Вострецов подошел к телефону. Услышав мой голос, он сказал, что сам собирался мне позвонить и не знаю ли я, чего это нужно от нас Ивану Николаевичу. Я ответил, что мне ничего об этом неизвестно. Как бы там ни было, мы с ним уговорились встретиться в половине первого у касс метро «Краснопресненская».
Ехать было недалеко, до «Киевской». Там, в новом двенадцатиэтажном доме, жил со своею семьею Иван Николаевич. Мы поднялись на девятый этаж, и Женька надавил кнопку звонка.
— Раздевайтесь, ребятки, — встретил нас Иван Николаевич.
В кабинете, куда мы с Женькой вошли, стояло два стула. На столе мы увидели раскрытую общую тетрадь, исписанную мелким почерком. Записи были заметно выцветшими.
— У меня для вас сюрприз, ребята, — Иван Николаевич осторожно похлопал ладонью по тетради. — Я вам уже говорил, что имеются еще некоторые сведения о дальнейшей судьбе Ольги…
Он положил тетрадь перед нами так, чтобы нам удобнее было ее просматривать.
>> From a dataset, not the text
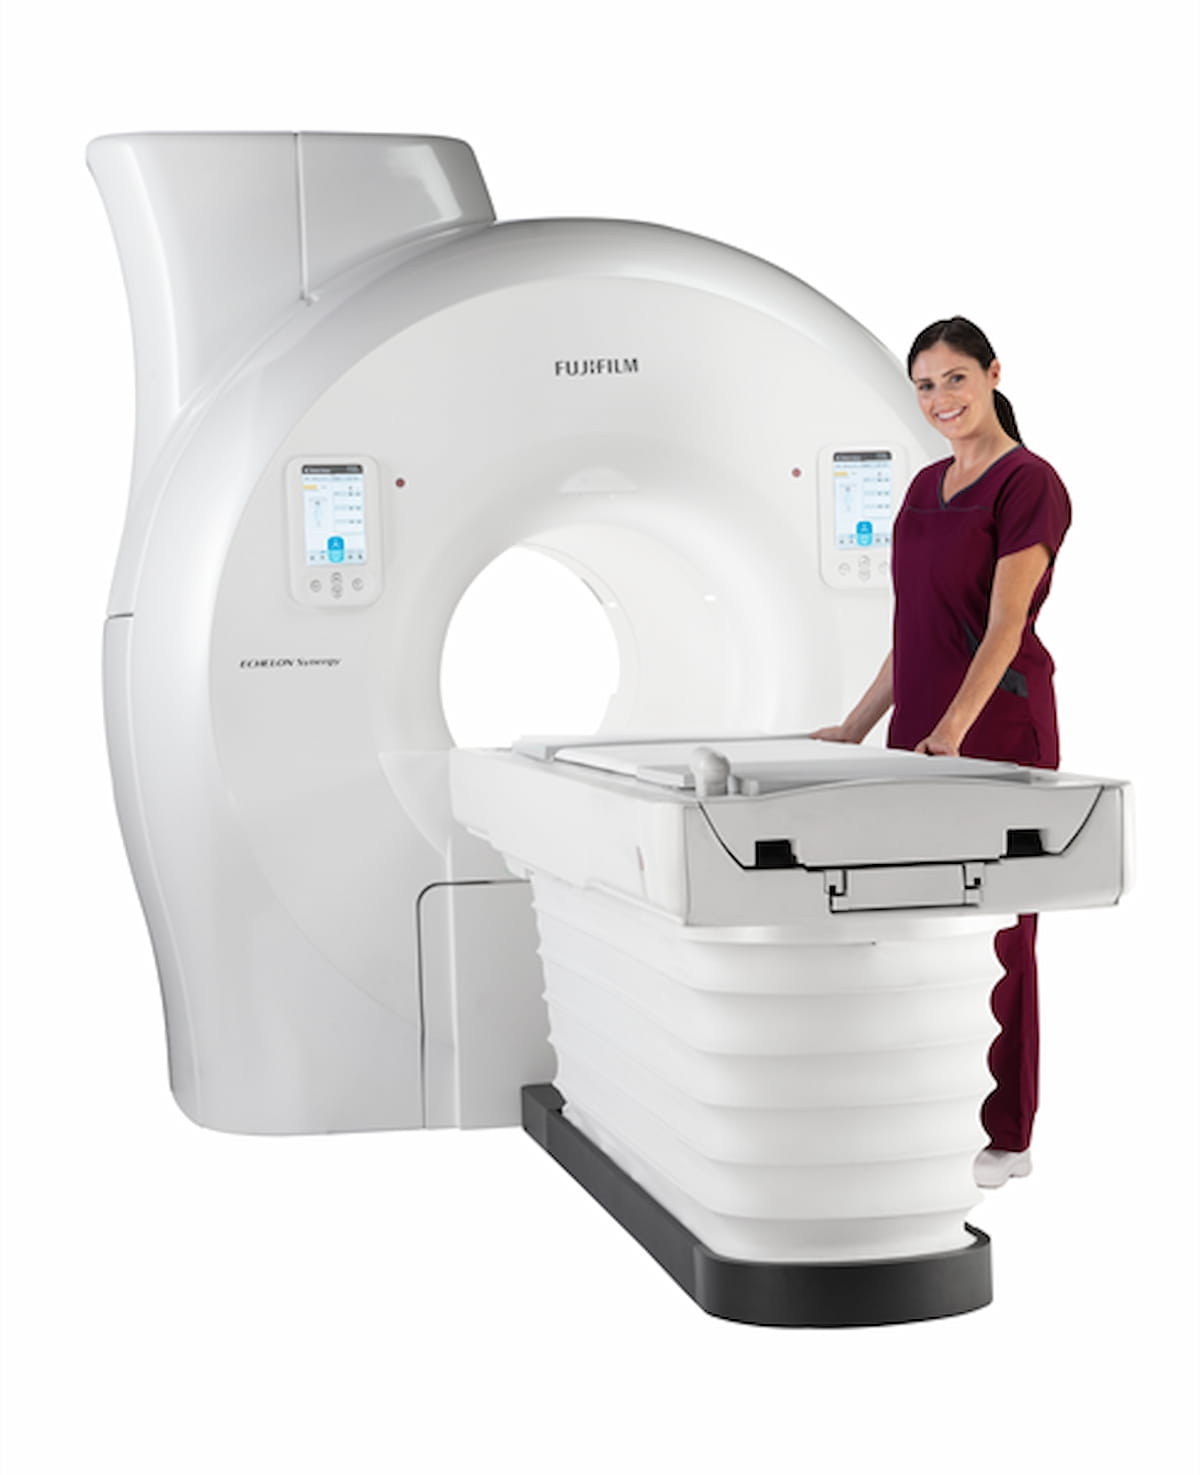 FDA Clears New AI-Powered MRI System from Fujifilm
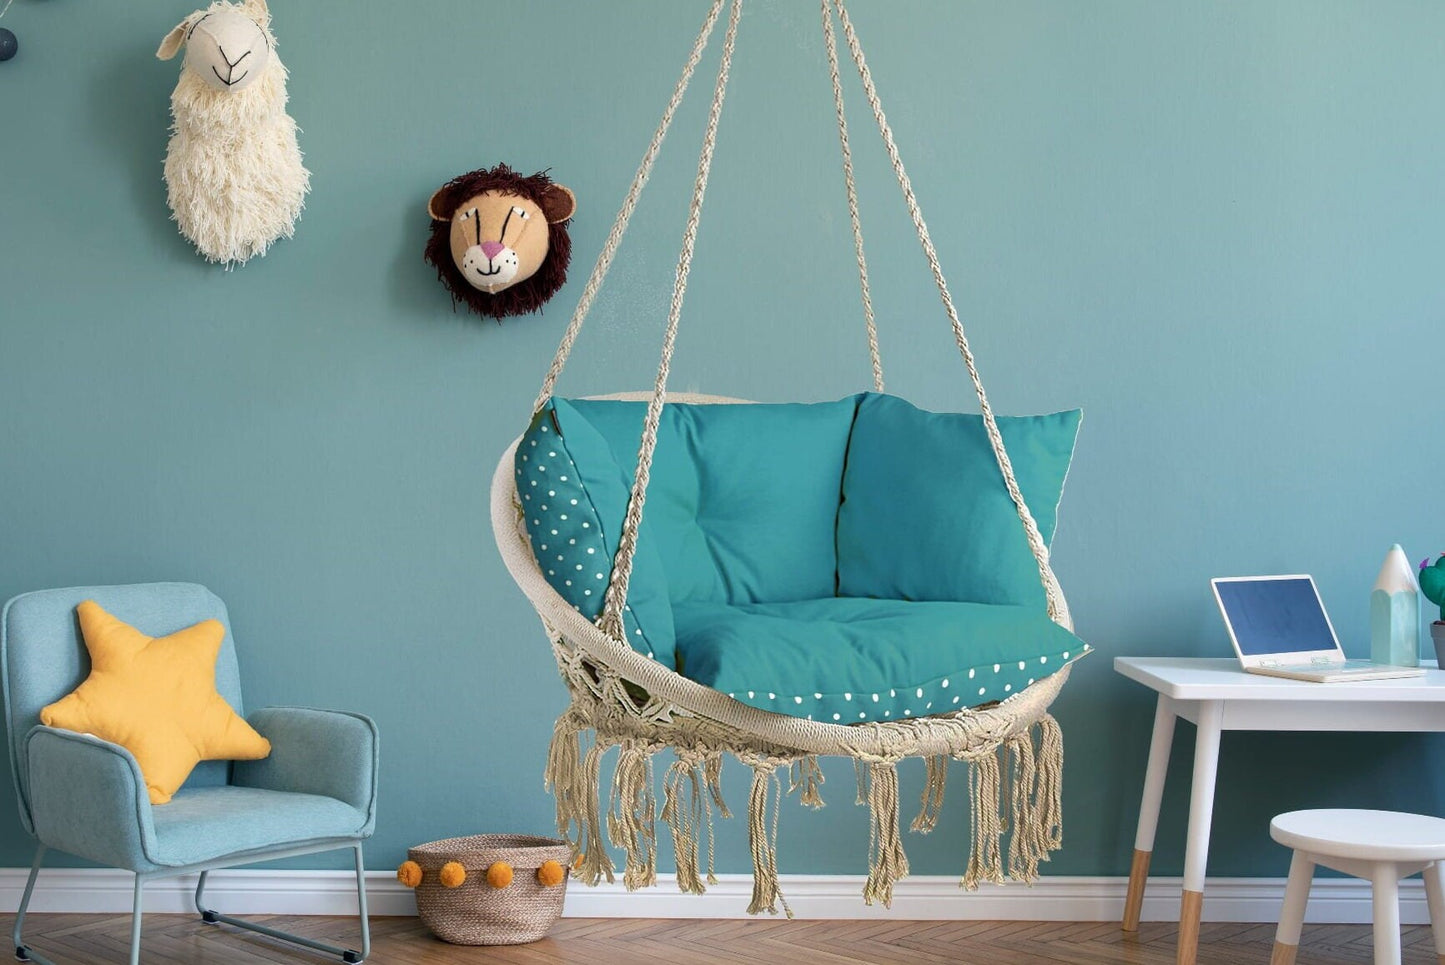 Double Sided Dots Pillow for Macrame Hanging Chair |  Cushion for hanging chair | Boho Scandinavian style pillow | Pillow for swing chair

Но строчки от волнения расплывались перед моими глазами, и лишь одна, в которой говорилось о каких-то бандитах и кровопийцах, мелькала перед ними.
На первой странице стояла надпись: «И. И. Мещеряков, подпоручик».
— Этому человеку принадлежала тетрадка, — глуховатым голосом произнес Иван Николаевич. — Он был белогвардейским офицером и служил в армии Колчака. Позвольте, я покажу вам, откуда нужно читать. — Он ловко разгладил пожелтевшие от времени странички, испещренные «ерами» и «ятями». — Вот с этой строки.
«5 мая 1919 года», — было выведено в левом верхнем углу страницы.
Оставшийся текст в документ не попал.